Can ChatGPT reason? This Apple AI study might have the answer
Companies like OpenAI and Google have been touting the advancements in generative AI experiences, suggesting that a breakthrough is on the horizon. The recent upgrade of ChatGPT, known as o1-preview, aims to showcase the next-gen experience. This upgraded version, available to ChatGPT Plus and premium subscribers, is claimed to have the ability to reason. The promise of such an AI tool is its potential usefulness in tackling complex questions that demand intricate reasoning.

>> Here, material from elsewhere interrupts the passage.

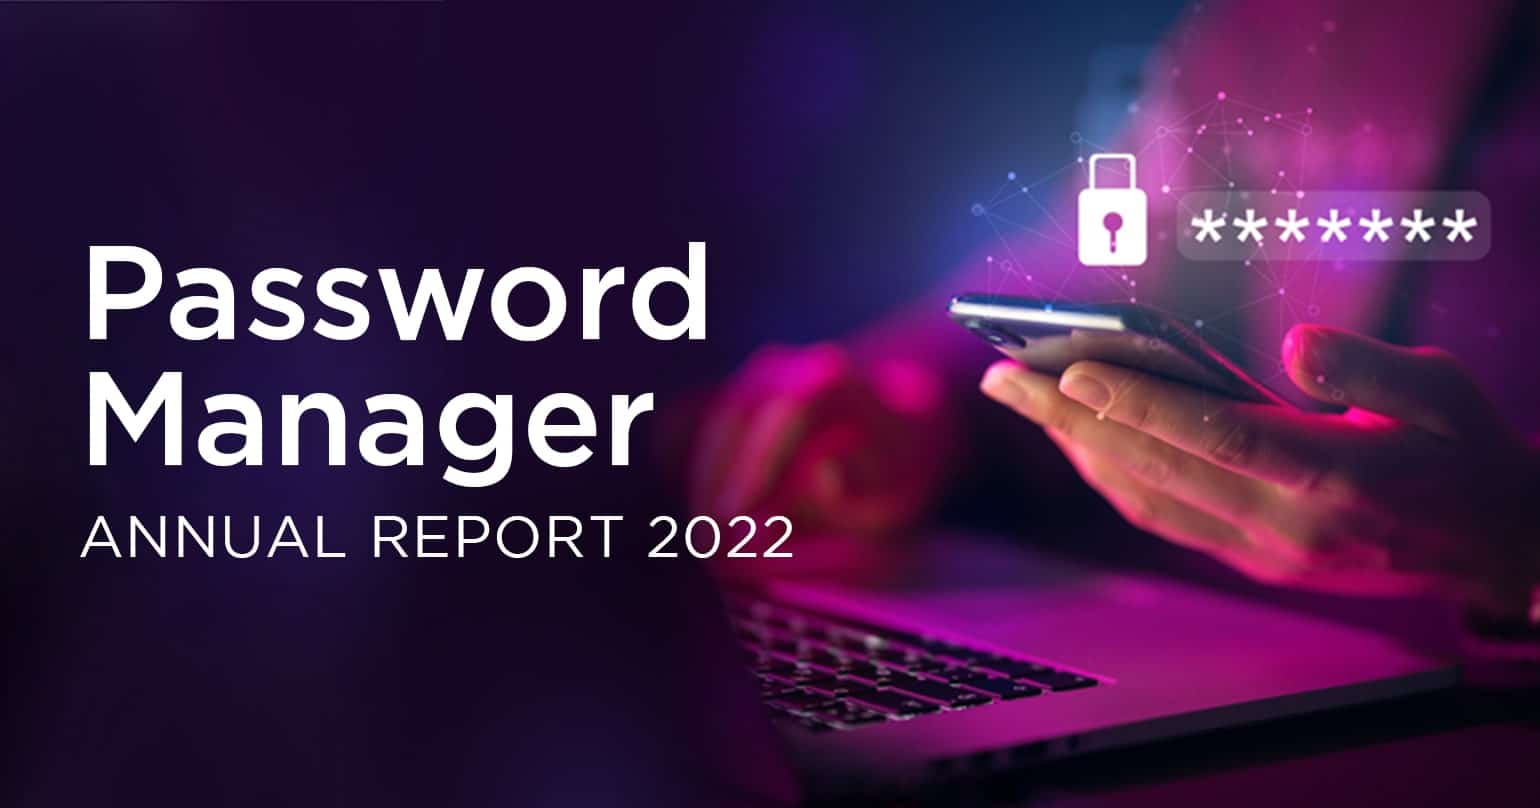 Password Manager Annual Report 2022

However, a new AI paper from Apple researchers challenges this notion, suggesting that AI models like ChatGPT o1 and other generative models might not actually possess reasoning capabilities. Instead, these models are believed to be pattern matchers, drawing solutions from their training datasets. While they excel at providing answers to problems, it is mainly due to recognizing similar patterns and predicting outcomes based on past exposure.
Apple's AI Study on Reasoning Performance
The study conducted by Apple researchers, available for reference here, explores the limitations of various Large Language Models (LLMs) in terms of reasoning. The experiments involved testing open-source models like Llama, Phi, Gemma, and Mistral, as well as proprietary models including ChatGPT o1-preview, o1 mini, and GPT-4o.

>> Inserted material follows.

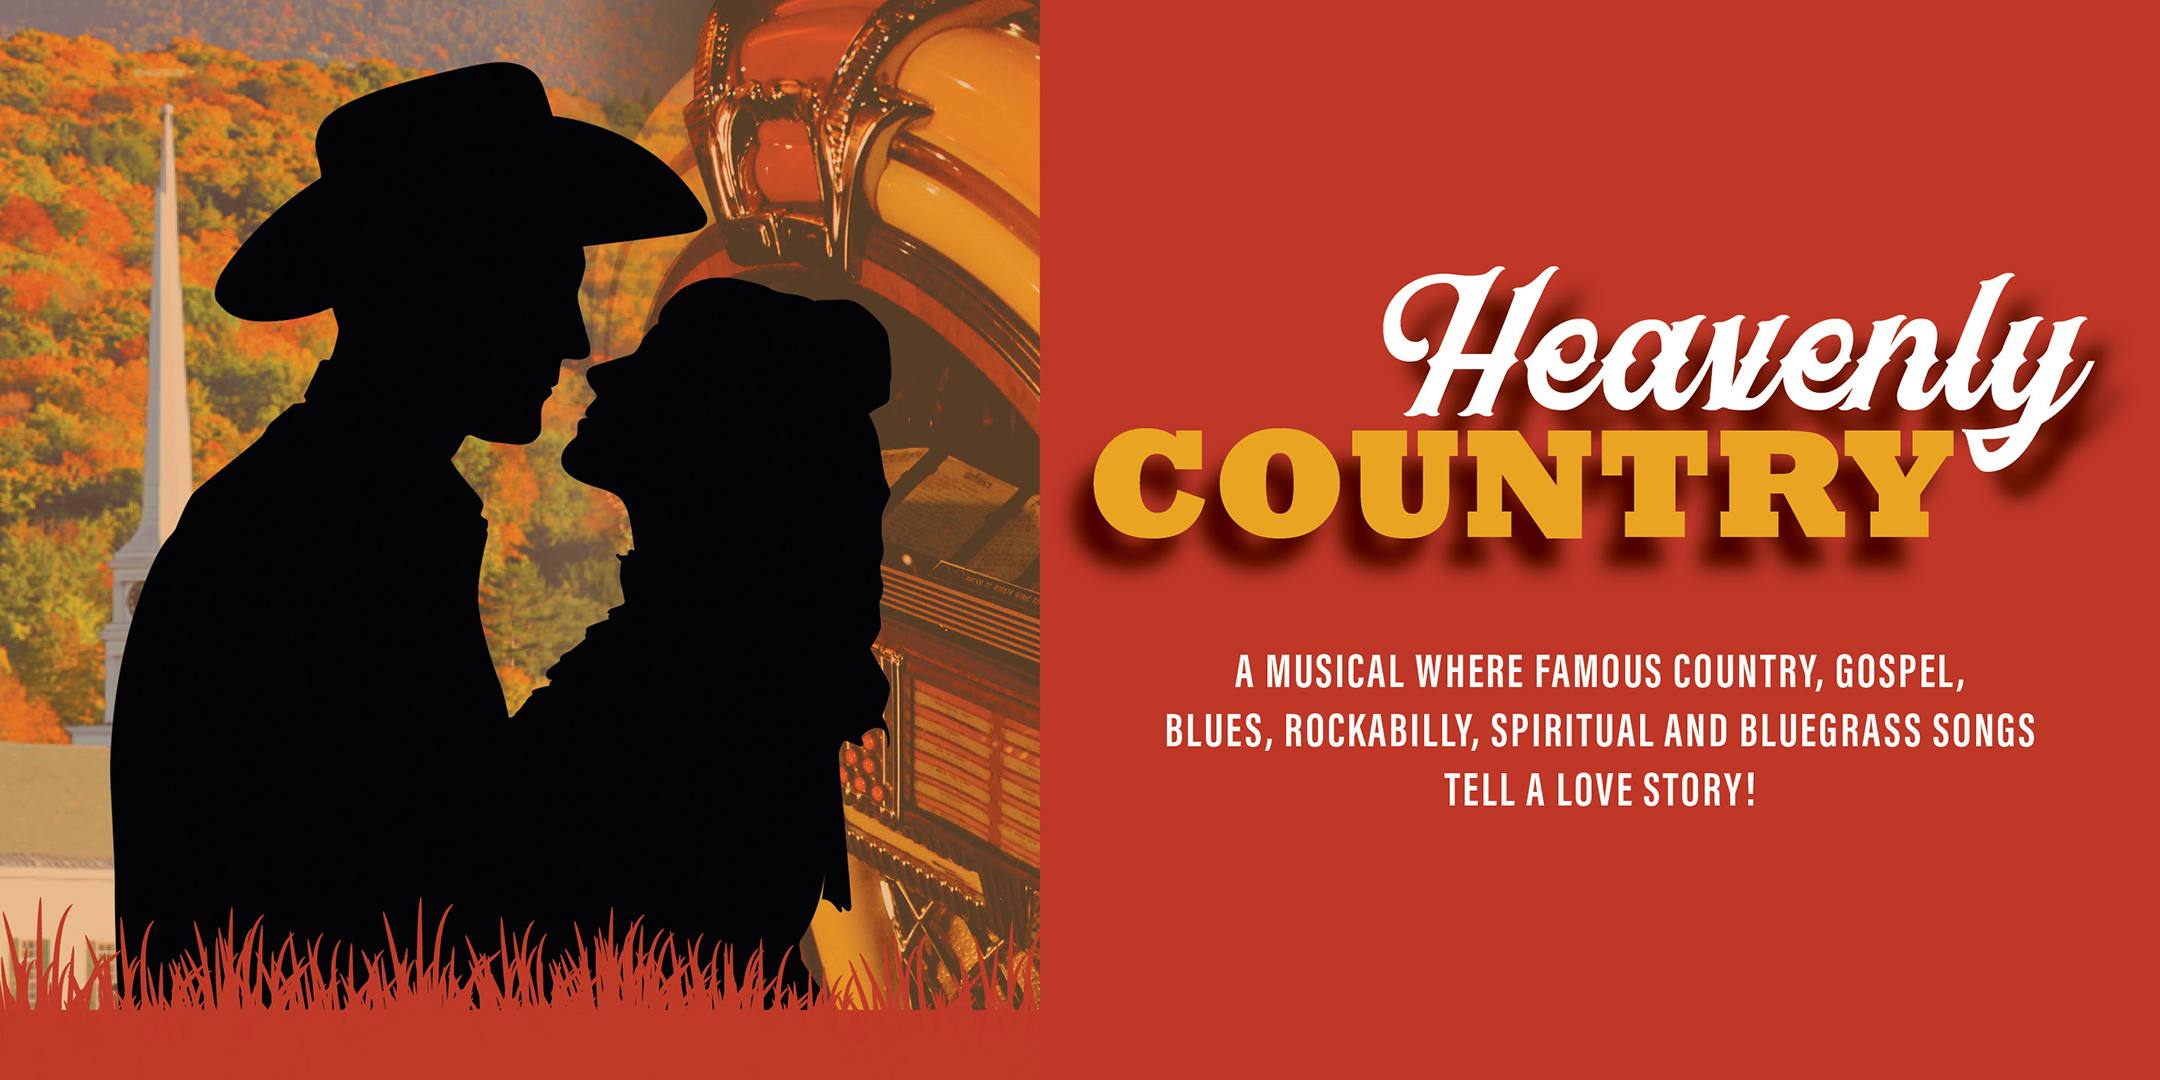 Graphic for "Heavenly Country"

The key findings of the study indicate that LLMs struggle when it comes to genuine logical reasoning, as they tend to replicate the reasoning steps witnessed during their training. Apple introduced the GSM-Symbolic benchmark, comprising over 8,000 grade-school math word problems, to evaluate the reasoning performance of AI models. Simple alterations to math problems, such as changing characters' names, relationships, and numbers, significantly impacted the models' reasoning abilities.
Challenging the AI Models
One of the tests involved adding inconsequential statements to math problems, which should not affect the overall solution. Surprisingly, the inclusion of irrelevant information led to performance drops of up to 65% across different models. Even ChatGPT o1-preview struggled, experiencing a 17.5% drop in performance compared to the baseline.
The study also questioned the reasoning capabilities of AI models like ChatGPT o1 and others, emphasizing the need for further research and development in this area.

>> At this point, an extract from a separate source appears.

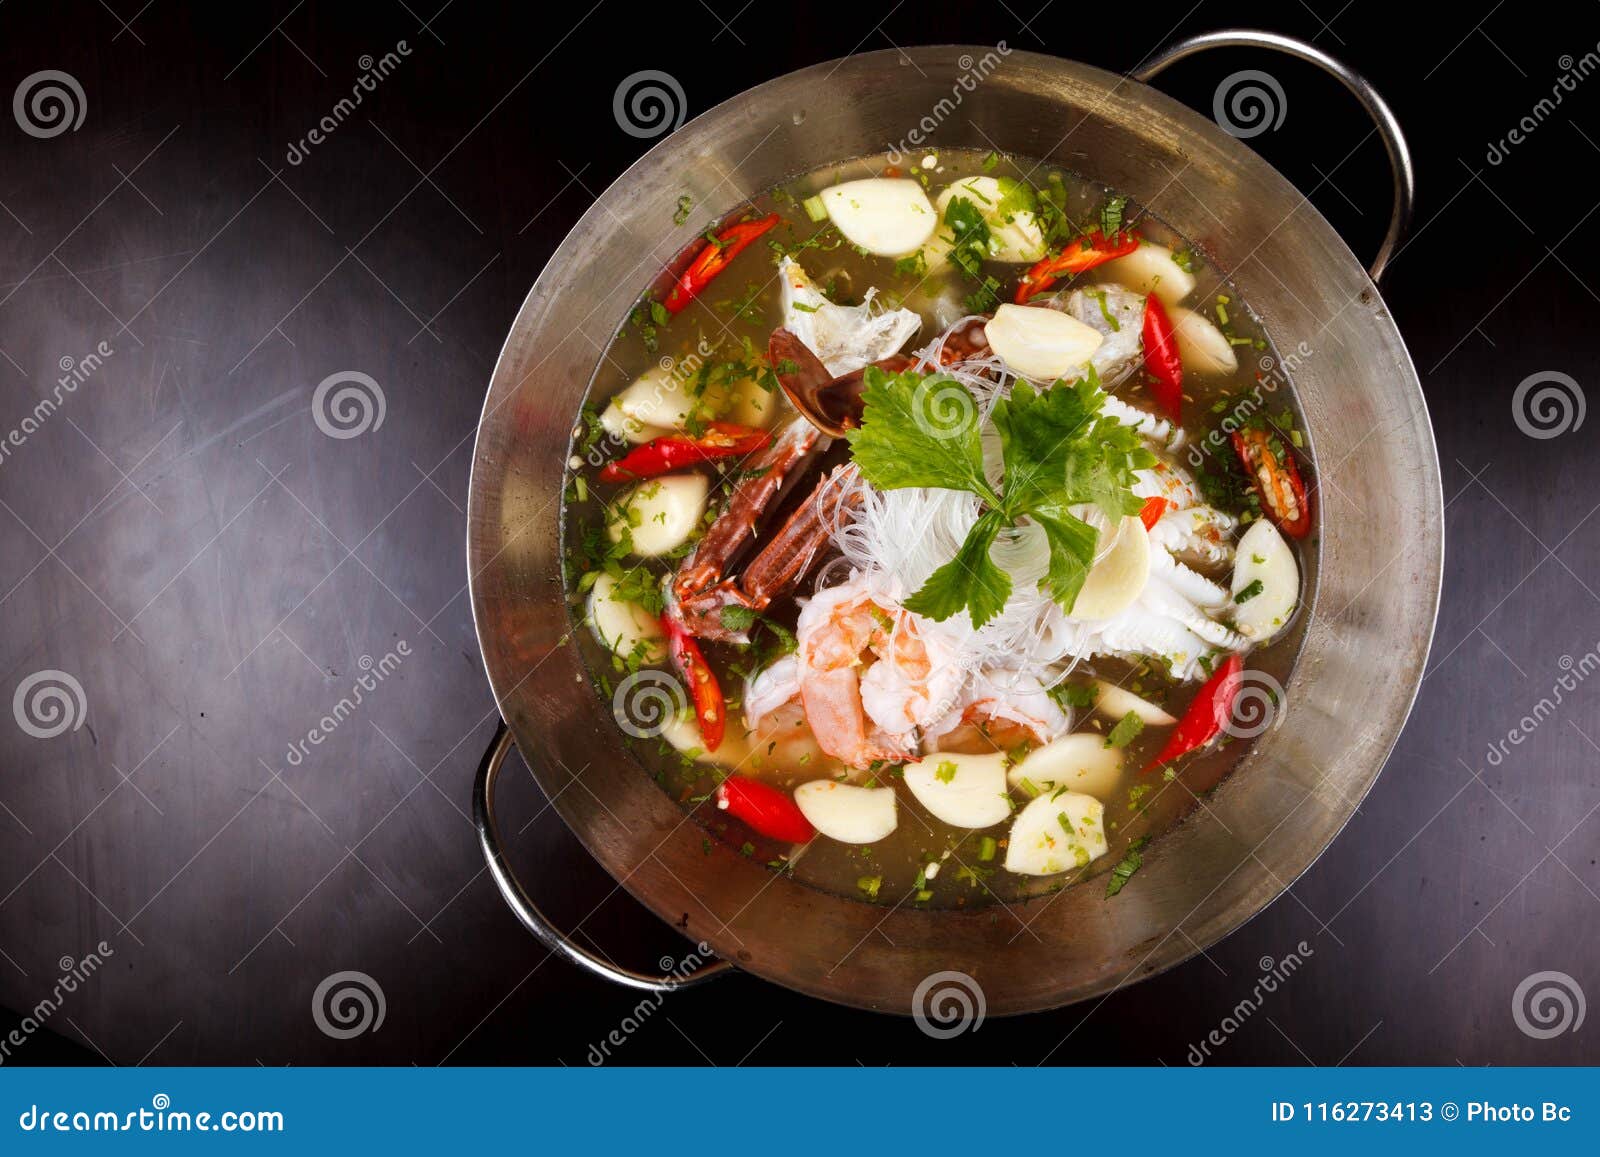 Tomyum seafood stock image. Image of grilled, background - 116273413

Notably, Apple's research raises questions about the true understanding of mathematical concepts by these AI models. Through various experiments and benchmarks like GSM-NoOp, Apple aimed to test the reasoning capabilities of LLMs and explore their limitations.
Implications and Future Directions
Apple's study does not aim to discredit competitors but rather seeks to evaluate the current state of genAI technology in terms of reasoning abilities. While Apple has not proposed an alternative to ChatGPT with improved reasoning capabilities, the research opens avenues for refining the training methods of LLMs, particularly in fields that require precision and accuracy.
Going forward, it will be intriguing to observe how industry players like OpenAI, Google, and Meta respond to Apple's findings and whether they can address the challenges posed in reasoning performance. The insights from Apple's study could potentially shape the future development of AI models, emphasizing the importance of incorporating reasoning capabilities effectively.